You've spent months getting each carved detail just right. Now it's time to finish the piece and bring it to life with color.

Many carvers find themselves hesitant to take the next step. To develop a suitable comfort level, you need to spend equal time learning and practicing both carving and finishing techniques.

In the last issue we covered paintbrush basics. Future articles in the series will cover setting up your palette and specific painting techniques, but before we move forward, it is important to understand the actual medium we'll be working with. There are a multitude of types and brands of paint available. The product you choose should be safe, durable, lightfast, and flexible. You also want to pay attention to the product's drying properties.

Paint Composition
Paint consists of the pigment and the binder, or glue, that holds it together. The binder used determines whether the product is oil, alkyd, or acrylic paint. The binders and pigments determine the effect and performance properties of the paint.

Artist Colors
Select paint that is artists' quality.
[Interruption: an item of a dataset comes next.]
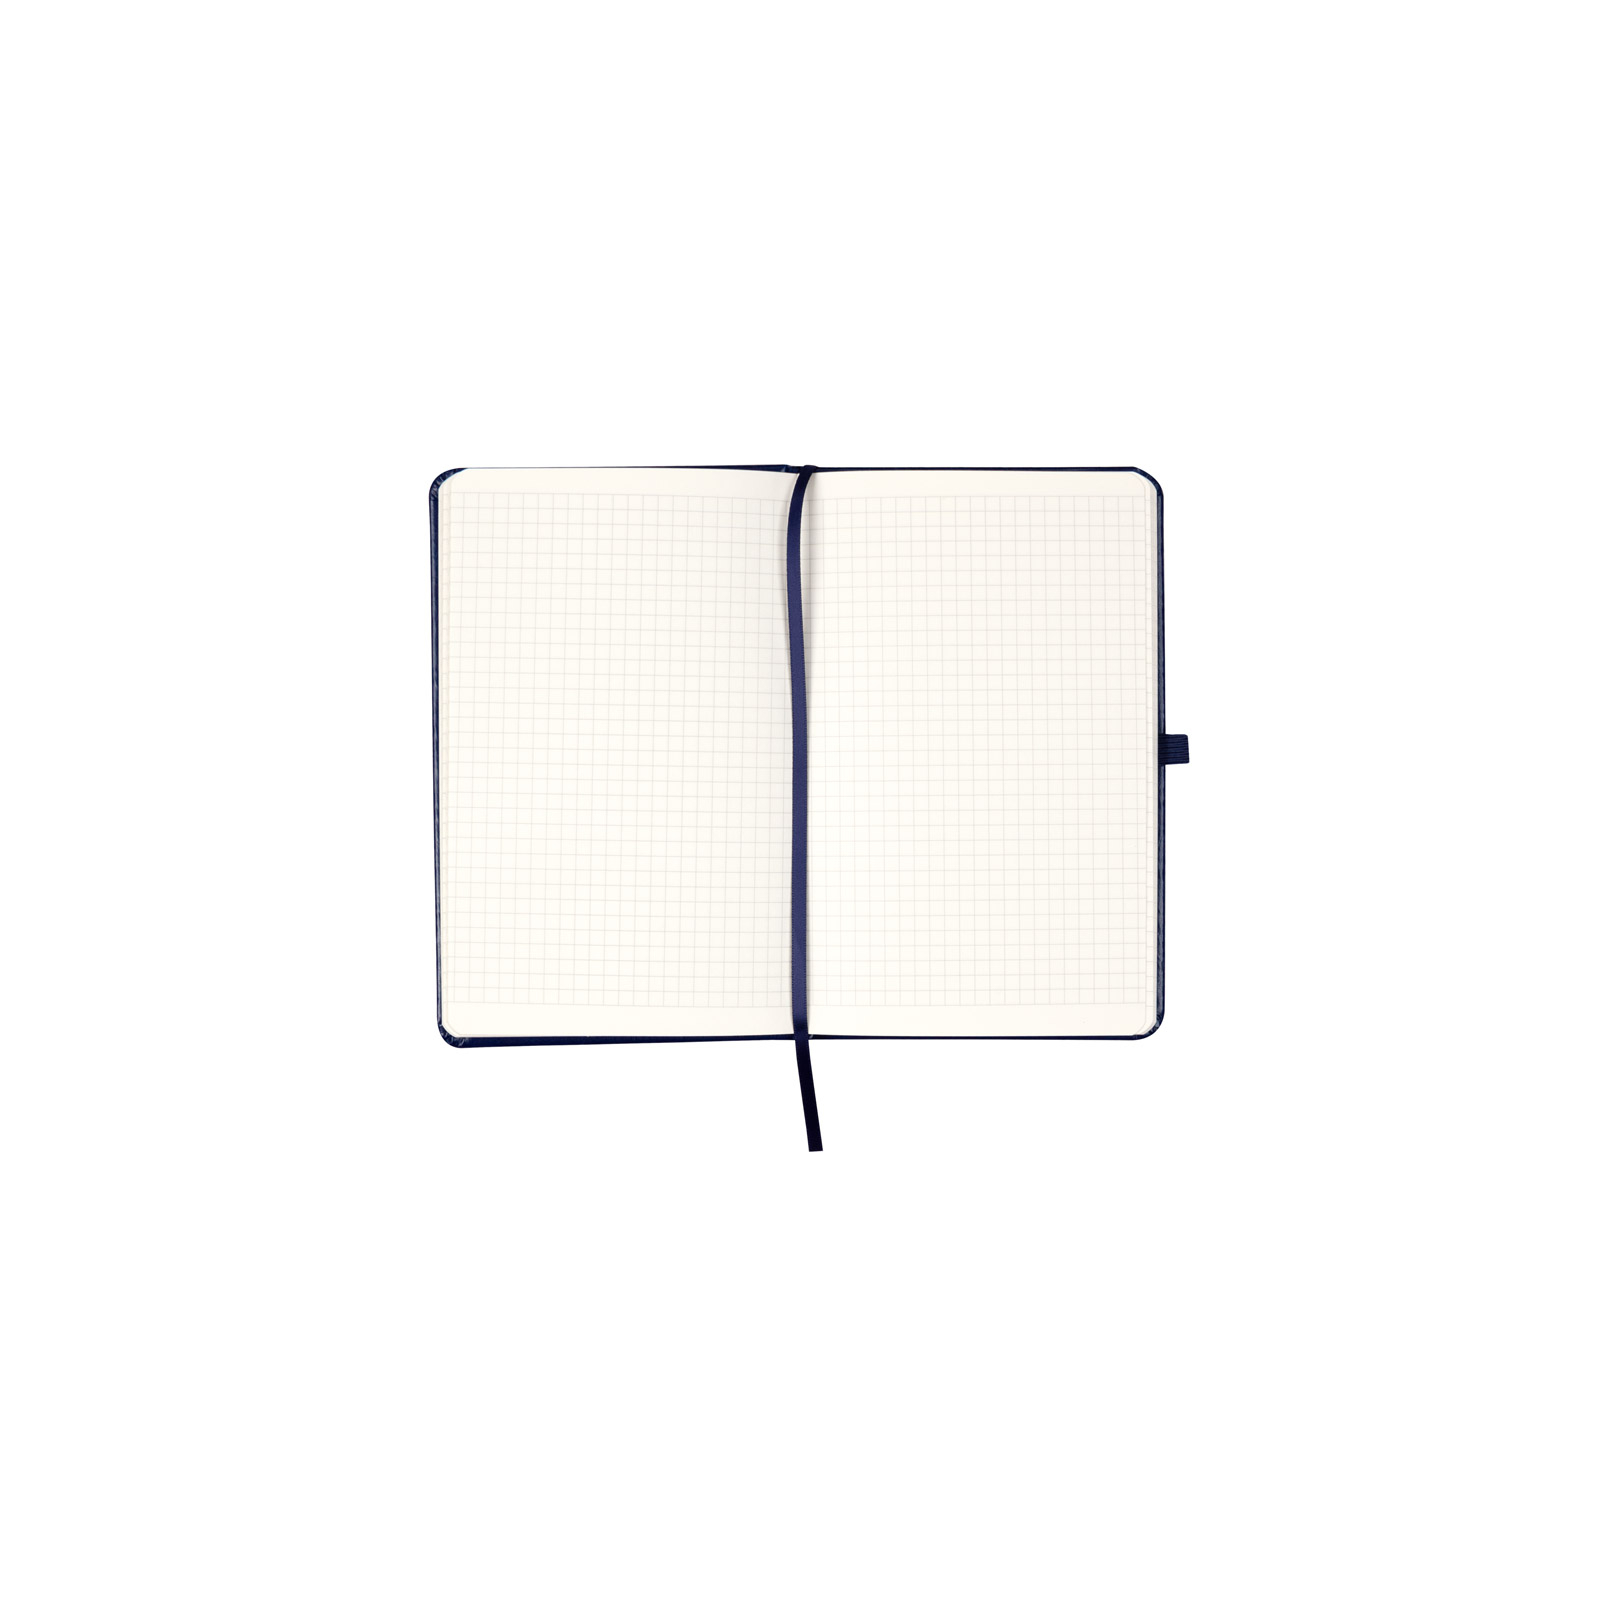 Книга записная Axent Partner Lux, 125x195 мм, 96 листов, клетка, твердая обложка, синяя (8202-02-A) изображение 4
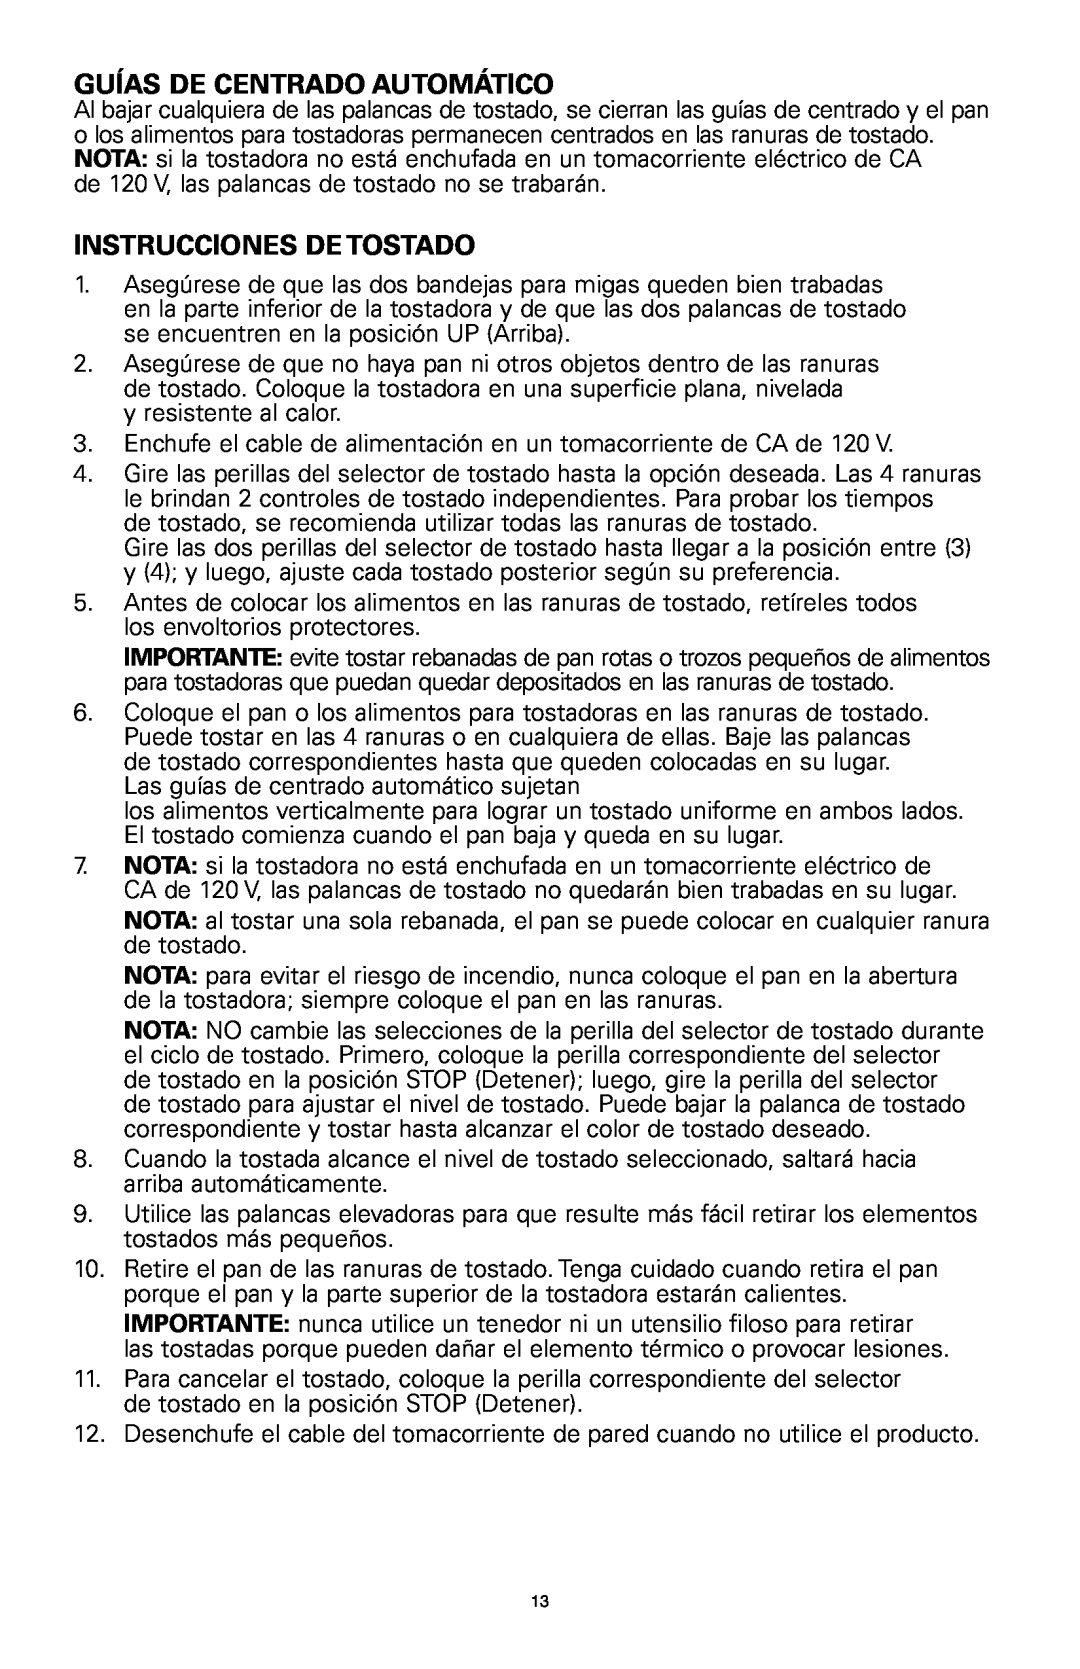 Rival 16042 manual Guías De Centrado Automático, Instrucciones De Tostado

The initial price may be higher than craft paints of the same color, but the coverage and quality make it worth it. Think of your paint just like you do your wood or tools–purchase the best you can afford. Check the label to make sure the colors have been tested for lightfastness. The American Society for Testing and Materials (ASTM) seal guarantees the color will not fade over time. Inferior paint may begin to fade within weeks of application.

Brand Selection
Many brands have samplers of small tubes as an introduction to their products. Additional colors may be added as needed. Check out the availability and versatility of different brands. Choosing a brand of paint is often a personal preference, similar to choosing a brand of tools. Using a limited palette and products is a good way to minimize cost and space. This will also help you to quickly learn the characteristics of using and mixing colors.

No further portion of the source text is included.